Dolomites Tofana di Rozes and the classic Via Costantini - Apollonio. By Manrico Dell'Agnola
Manrico Dell'Agnola remembers a repeat of Via Costantini - Apollonio up the Tofana di Rozes Pillar in the Dolomites, first ascended by Ettore Costantini and Renato Apollonio on 13 July 1944.
It was late September 1980, and I had a big headache. The day was perfect and the pillar shone in the early morning light. The clean air made it seem close, crisp, inviting. My old gray Beetle somehow made it to where the wheels couldn’t go any farther, and that’s where it remained.
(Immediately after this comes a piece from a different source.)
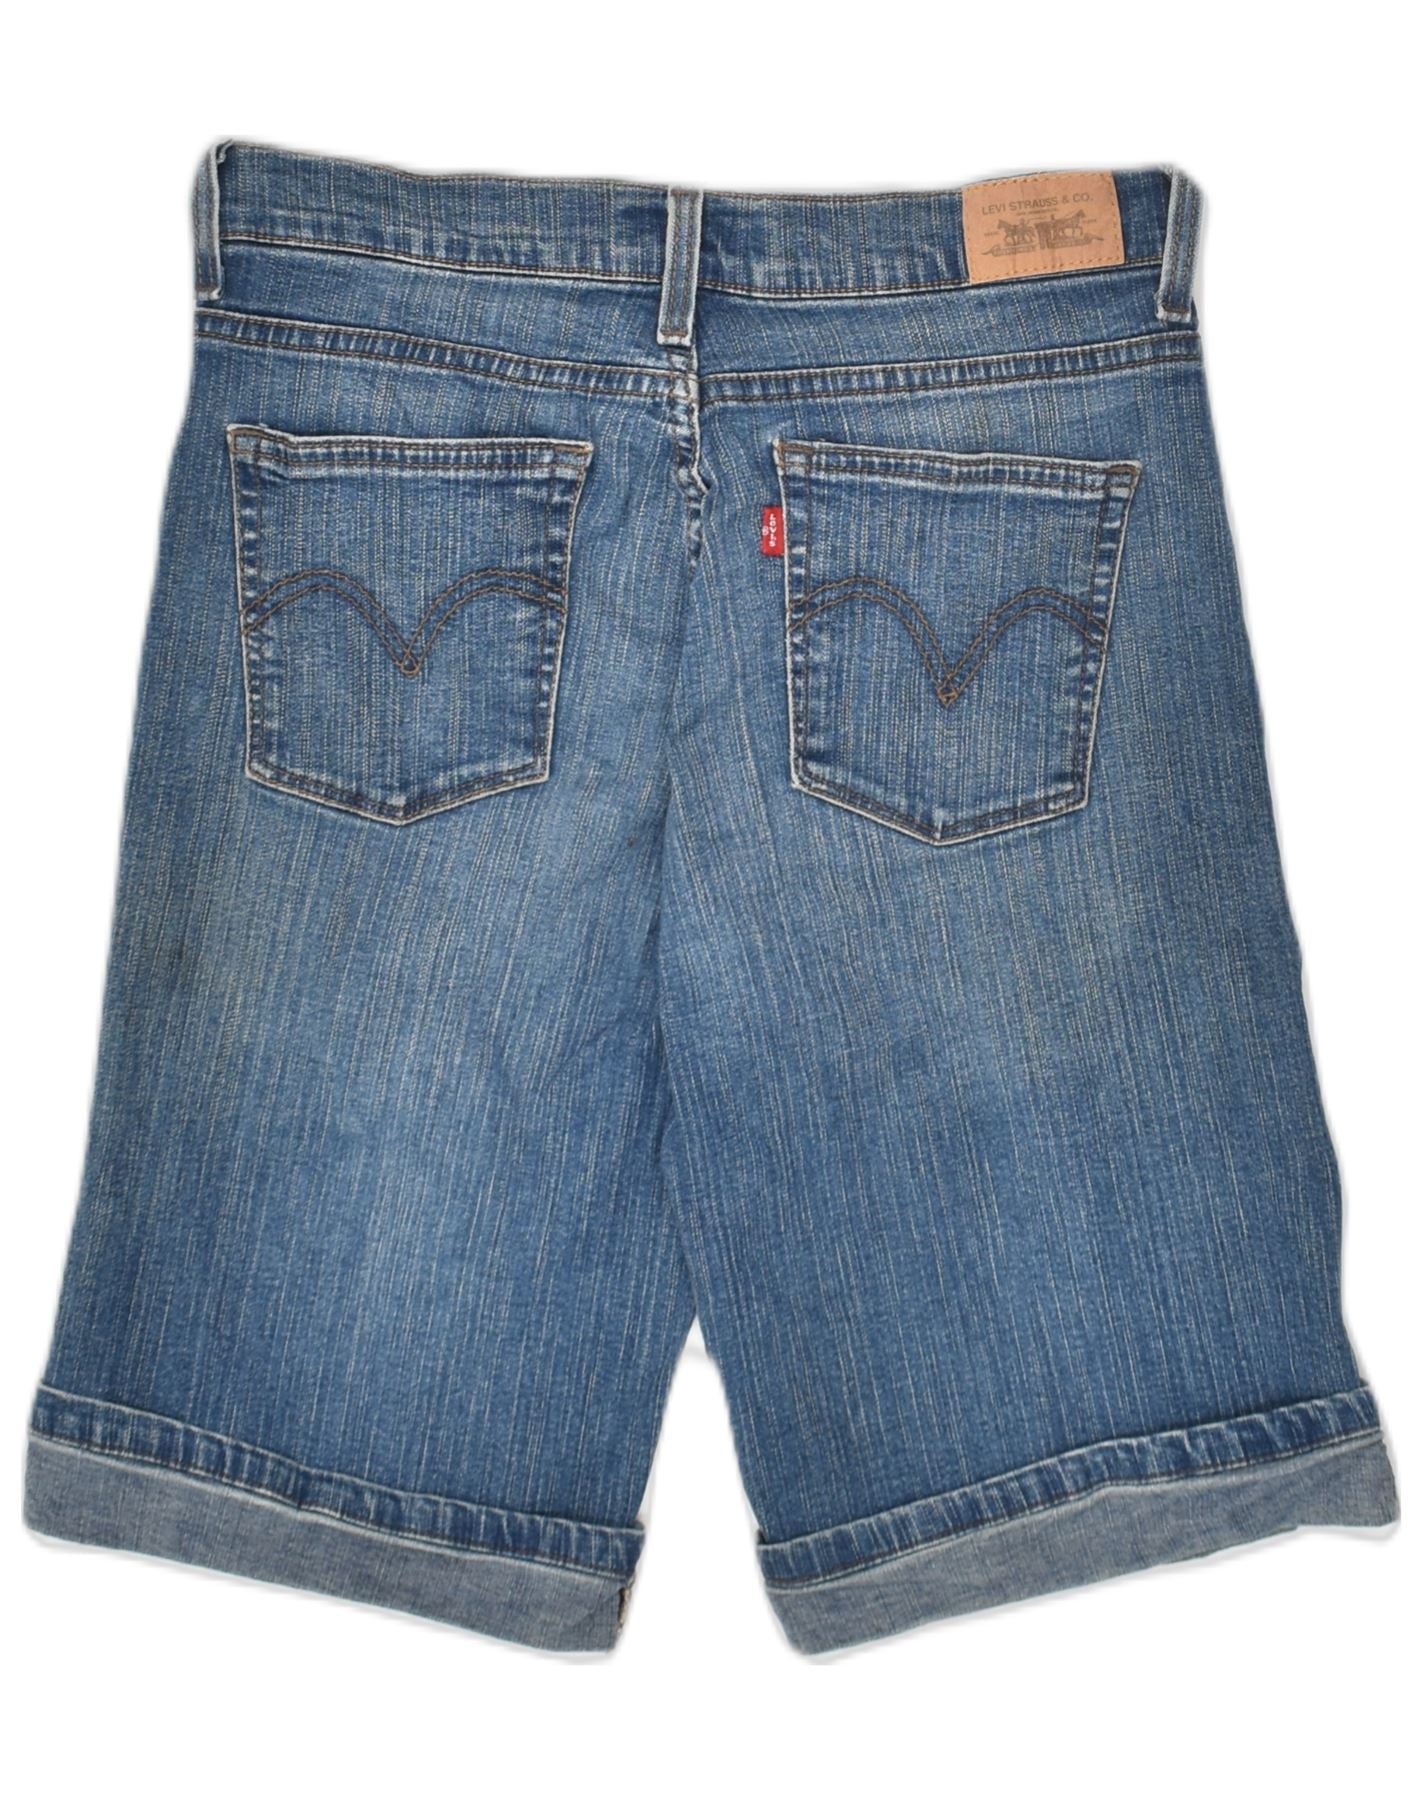 LEVI'S Womens Denim Shorts W30 Medium Blue Cotton, Vintage & Second-Hand  Clothing Online

Mauro seemed to be in good shape, but I left part of the previous evening’s dinner on the ledge of the attack. The adventure begins.
Less than a year ago we didn’t know what climbing meant, and now we were there. We touched grade 6 holds, and above us yellow overhangs . . . a dream. I climbed quickly, and the bulging biceps of Mauro, who followed me, seemed to indicate trust. Everything went smoothly until we were below the "Mule’s Back", and we were proud of that, but we were much less proud the day after, when we descended to Rifugio Giussani cold and humiliated to beg for a bowl of soup.
The mountain had once again taught us something, and I will always remember the night in a T-shirt on that freezing ledge. Now, though the pillar is still challenging, we free climb it in a few hours, and sometimes we descend from the second ledge if the Mule’s Back is wet, or even climb only the gray part on a warm August evening. The Via Costantini - Apollonio has not changed, though; in fact, there were once more pegs. We are the ones who have changed.